Recently, BenevolentAI—one of the clinical stage drug discovery companies most vocal about AI being their secret sauce—announced they are laying off 180 employees in a restructuring. This news came on the heels of their recent clinical failures—a case of “BenevolentAI, Cruel R&D.” Derek Lowe covered this story in his great In The Pipeline blog, saying:
“There are no existing AI/ML systems that mitigate clinical failure risks due to target choice or toxicology.”
This meme rapidly propagated throughout a substantial portion of my biotech network. In large part, I think this is explained by the fact that many inherently skeptical people in the life sciences are frustrated by AI evangelists overpromising and underdelivering. As Derek Lowe pointed out, BenevolentAI probably shouldn’t have originally claimed to have built a “bioscience machine brain.”
While AI certainly isn’t a panacea, it becomes more apparent each day that it is a powerful paradigm for modeling the immense complexity of biology. As I’ve previously argued, biology is the field in the world of atoms that has benefited the most from AI to date. AlphaFold is genuinely remarkable, and ML models are increasingly state-of-the-art across most prediction tasks in computational biology.
So, how should we reason about the juxtaposition of amazing research breakthroughs and lackluster clinical results?
I’ve had a lot of interesting conversations about this question this week, so I’ve decided to pause the piece I was initially working on and distill my current thoughts on this topic here. This is my version of “When you’ve given the same in-person advice 3 times, write a blog post.” Rather than advice, it’s an attempt to improve my own thinking about this.
I think part of the confusion here is around how drug discovery businesses are actually structured, and where AI is currently making the most progress in biology. We often talk about drug discovery as a very linear and defined process that looks something like this:
If Derek Lowe is right and no AI system delivers value for target identification—the very first step in the pipeline—how can it be useful for anything else? Reality is more nuanced. As biotech businesses become more specialized, I find that it can be useful to stratify biotech platforms into two buckets: target companies and modality companies.2 So far, AI advances have been more valuable for modality companies than for target companies. Let’s break down why that is the case.
Modality companies
In the simplest framework, the process of discovering drugs consists of identifying biological targets—nodes in a vast network of biochemical causality that play a critical role in disease onset—and using a therapeutic modality to interface with the target to restore human physiology to a healthy equilibrium. Modality businesses focus on the second half of this equation by building platforms to commercialize totally new modalities like engineered cell therapies or dramatically improving the engineering process for existing modalities like small molecules, big molecules (mainly antibodies), or nucleic acid therapeutics.

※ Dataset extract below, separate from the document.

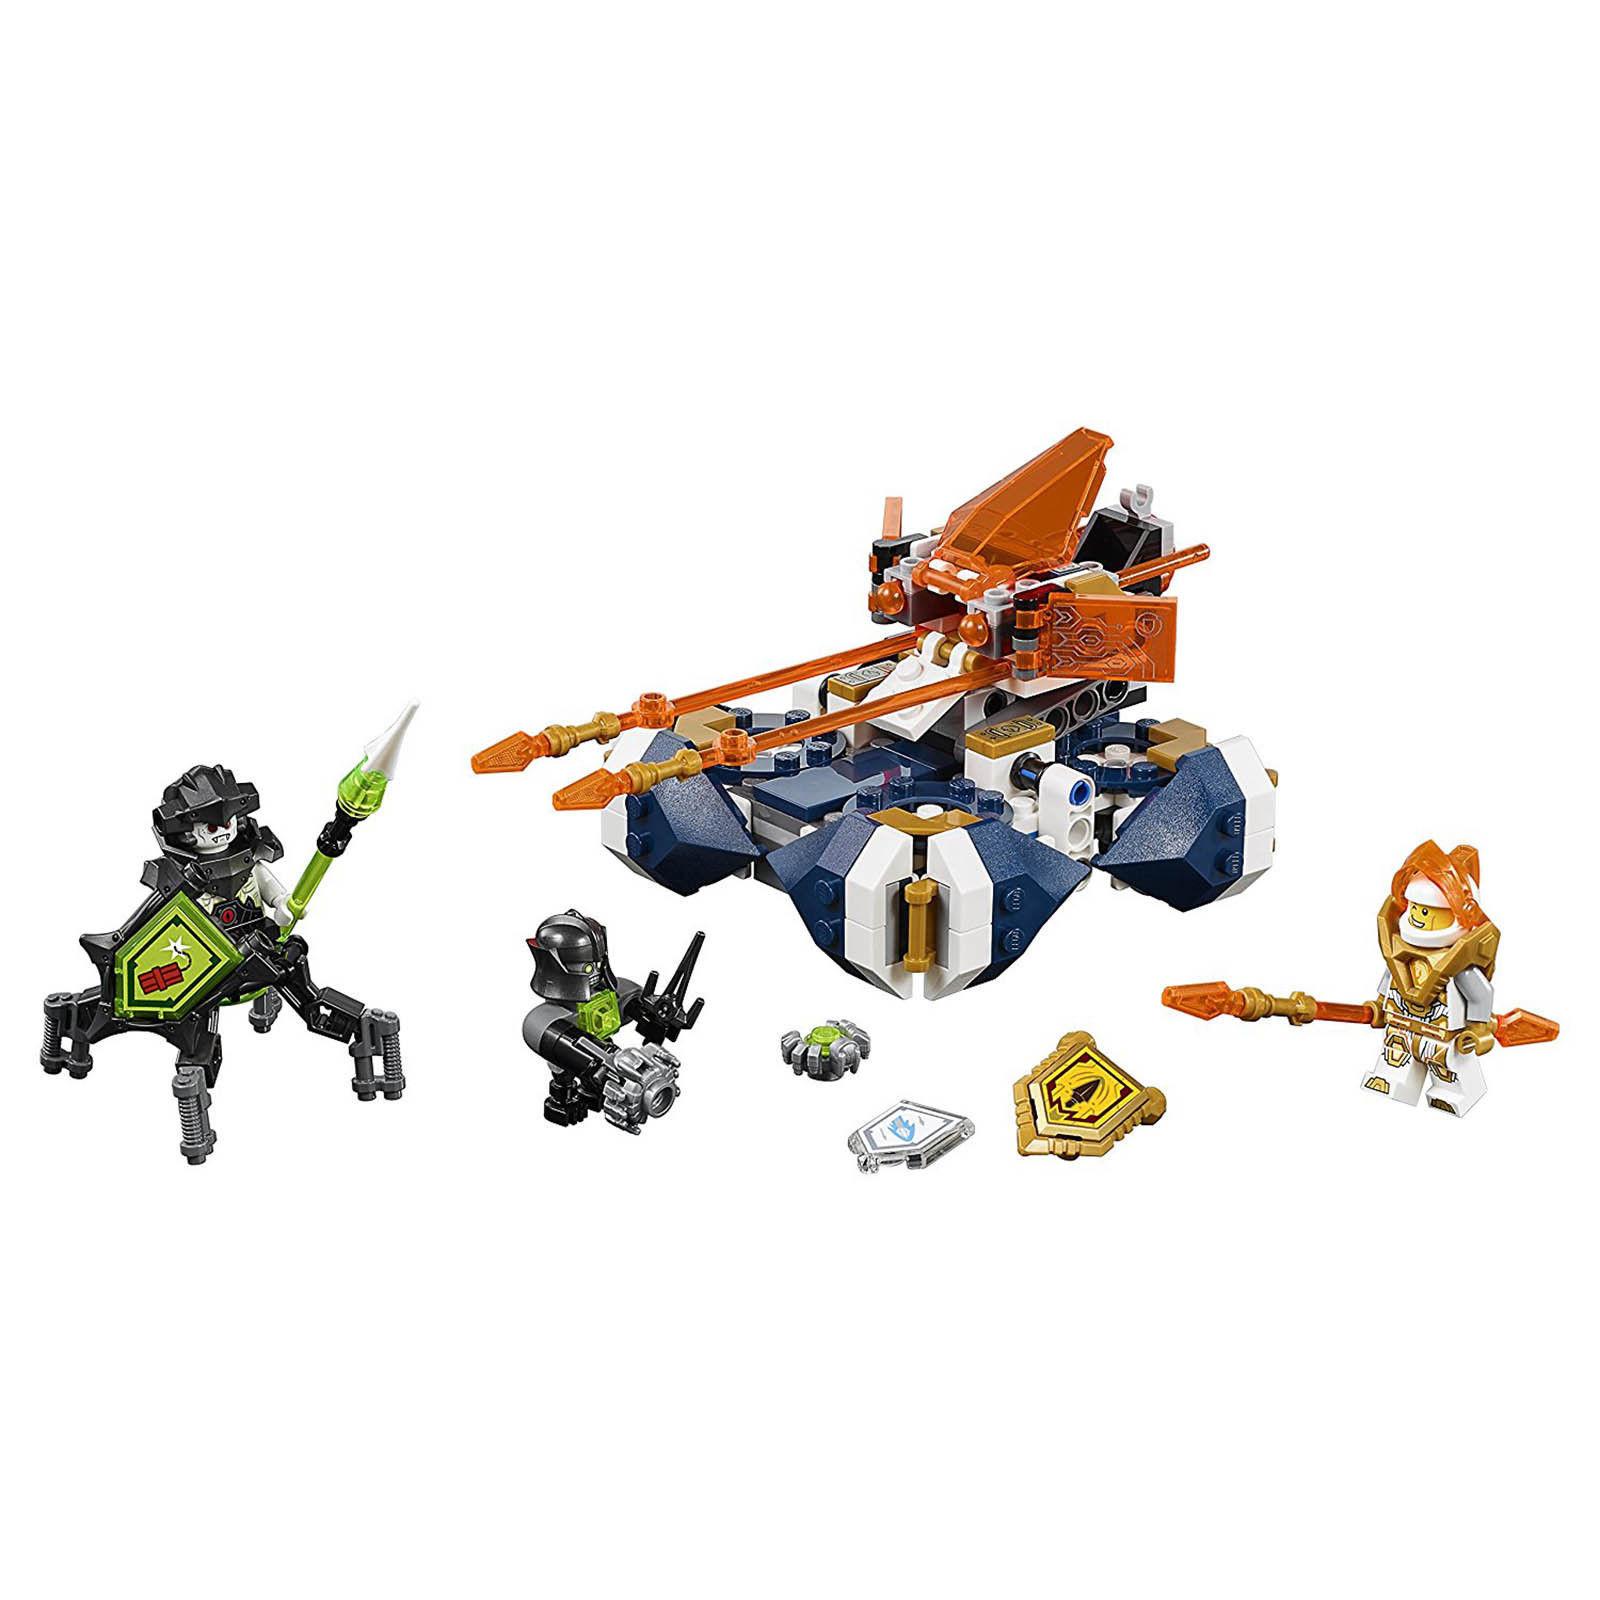 LEGO Nexo Knights Lances Hover Jouster Building Set 72001 217 Pcs [New]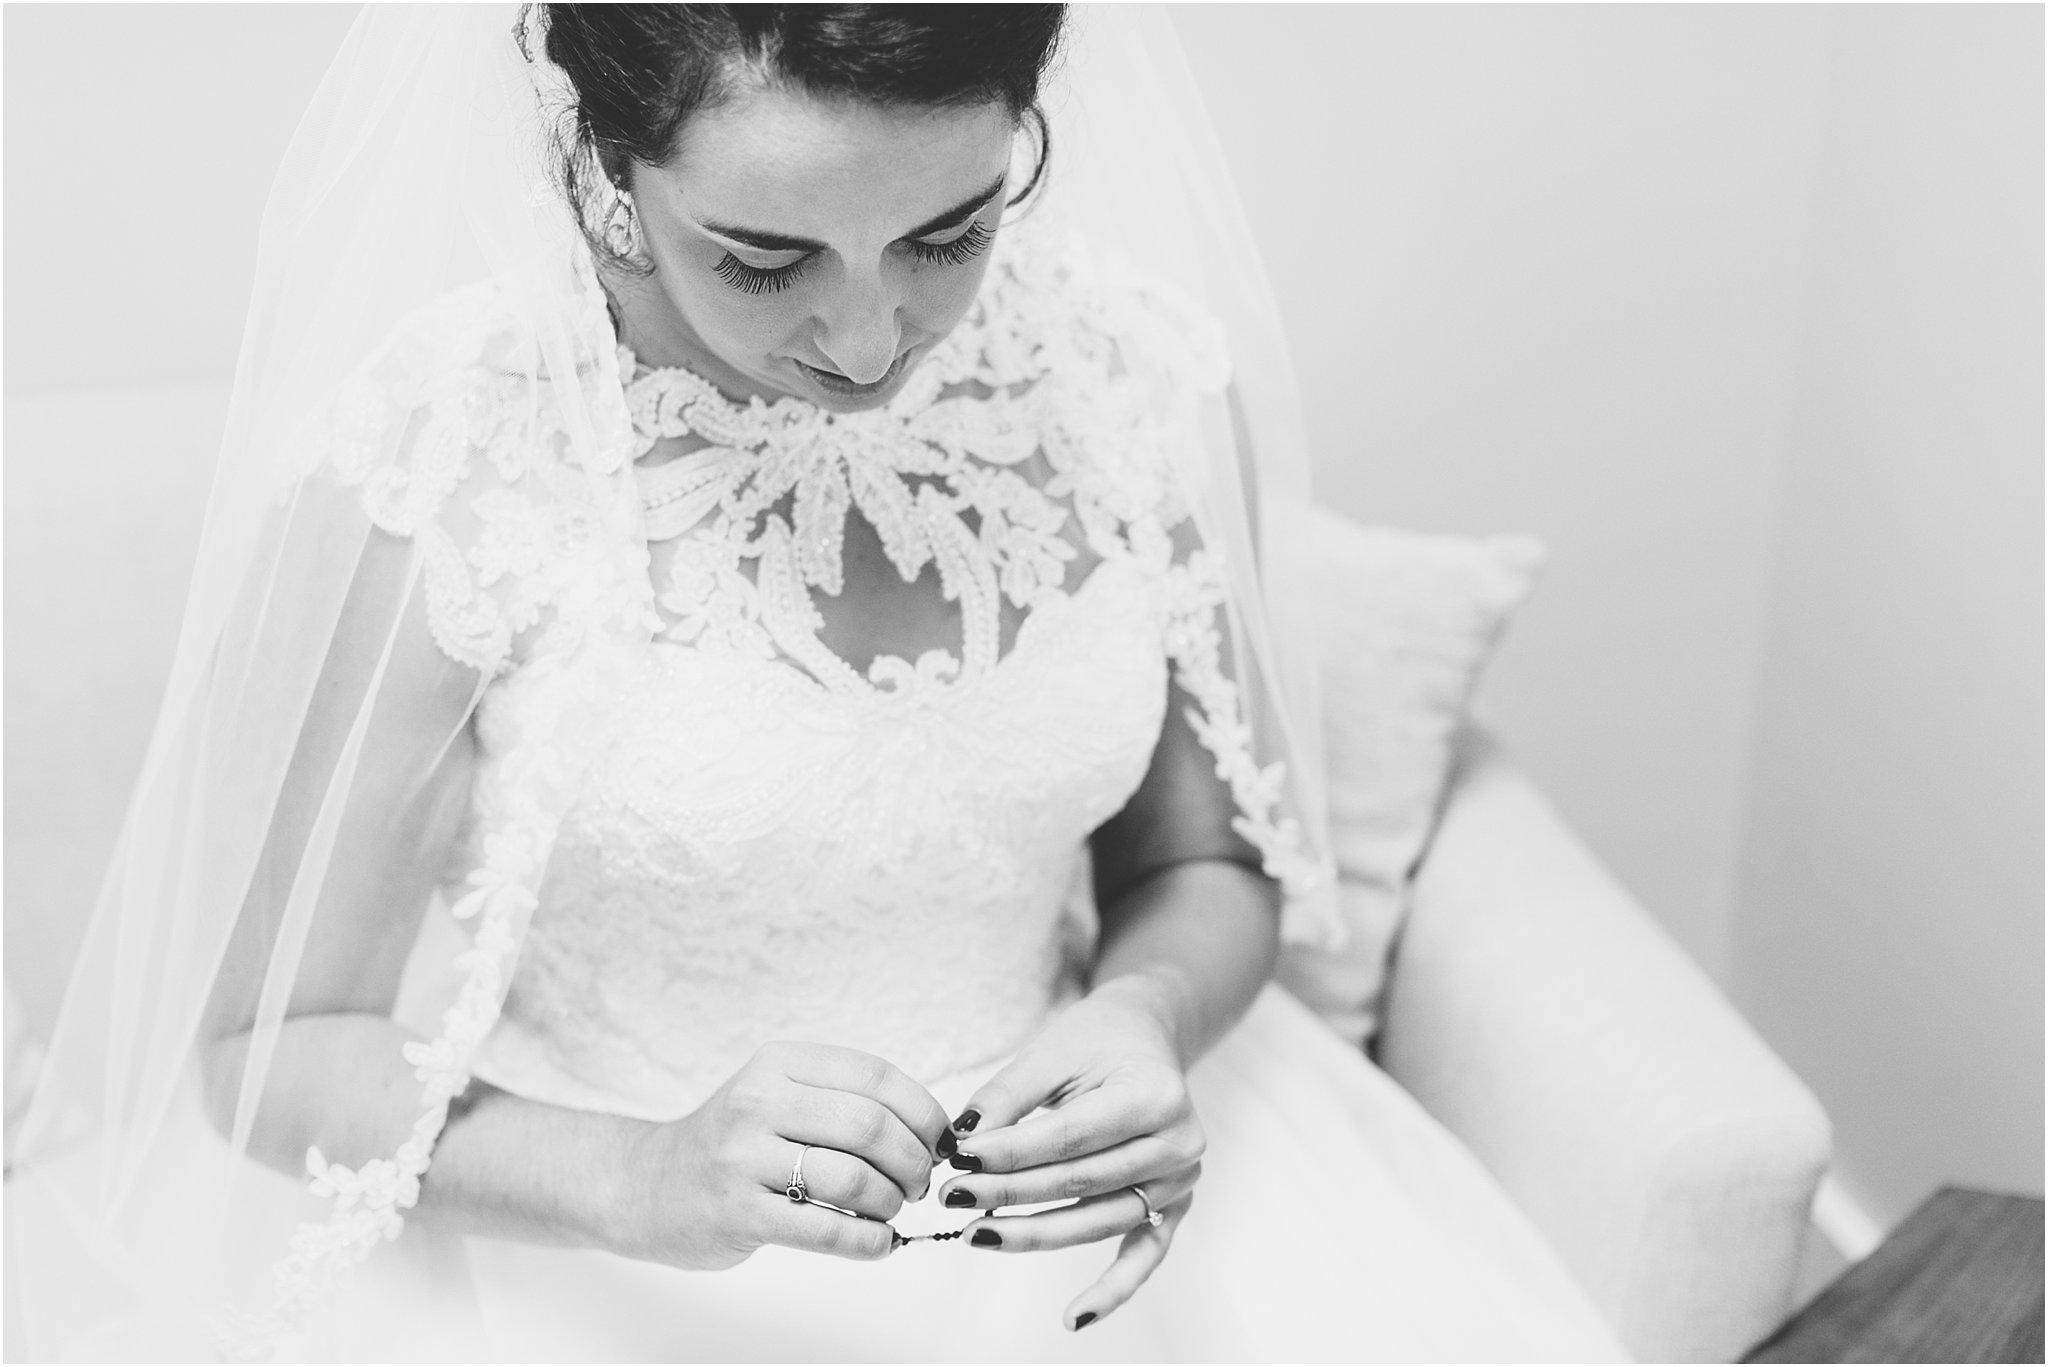 jessica_ryan_photography_virginia_wedding_photographer_wedding_hurricane_norfolk_botanical_gardens_hurricane_matthew_wedding_3558

These are companies building hammers and searching for nails.
This problem is very amenable to AI. By focusing on a specific engineering problem, it’s possible to reduce the scope of biological complexity you’re tackling and create a relevant dataset for model creation. A new wave of tech-enabled biotech companies is pursuing this business model. One example is Dyno Therapeutics, which uses AI to engineer vastly improved Adeno-Associated Virus (AAV) vectors for drug delivery. They just released some really beautiful data at the ASGCT conference showing their progress:
This data shows the difference between AAV9 and the new Dyno bCap 1 delivery vector for pan-brain transduction. Dyno claims that bCap 1 shows a “100x improvement versus AAV9 in delivery to the central nervous system (CNS) and 10x detargeting of liver after intravenous (IV) dosing, as characterized across multiple non-human primate (NHP) species.” The new vector also has a 1x increase in production efficiency.
To be clear, this isn’t a pure AI win. It’s a demonstration of the 4-S model in action. Dyno has built a data platform using advances in high-throughput DNA sequencing and synthesis, creating a large-scale catalog of the AAV fitness landscape. This is the foundation for their ML models—which can be used to design substantially improved delivery vectors.
The structure of this modality-focused platform has led to a business model Dyno describes as “partnership-centric: We partner with gene therapy developers, providing them with the very best capsids so that they can invest their efforts at the leading edge of genetic medicine.” This is the same playbook that AbCellera is using for antibodies.
The list of modality-focused AI platforms is growing. BigHat Biosciences is using a similar toolbox to accelerate antibody design—and many new protein engineering companies are entering this market. Coding.bio uses AI to design better CAR-T therapies, and Mana Bio is looking to do the same for lipid nanoparticle design. This is just a small sampling to illustrate the activity in this space.
The rapid advances in AI-driven structural biology could accelerate progress toward the holy grail of rational drug design—designing small molecules based on atomic insights about the biological target. This could be true even for targets where we have historically had poor structural information. An example is Atomic AI, which aims to open up the world of RNA-targeting small-molecule drug discovery using its AI-based RNA structure engine.
I actually think it’s under-appreciated how close we are to commoditizing therapeutic modalities. This sounds hyperbolic, but even without AI, Contract Research Organizations (CROs) like WuXi are getting incredibly good at offering medicinal chemistry as a service. This is why it is possible for virtual biotechs to exist in the first place. And if we zoom out, what will the world look like if many of these AI-driven modality-focused platforms succeed over the next 10-20 years? As Derek Lowe would put it, what if we can actually compute our way to antibodies for everything?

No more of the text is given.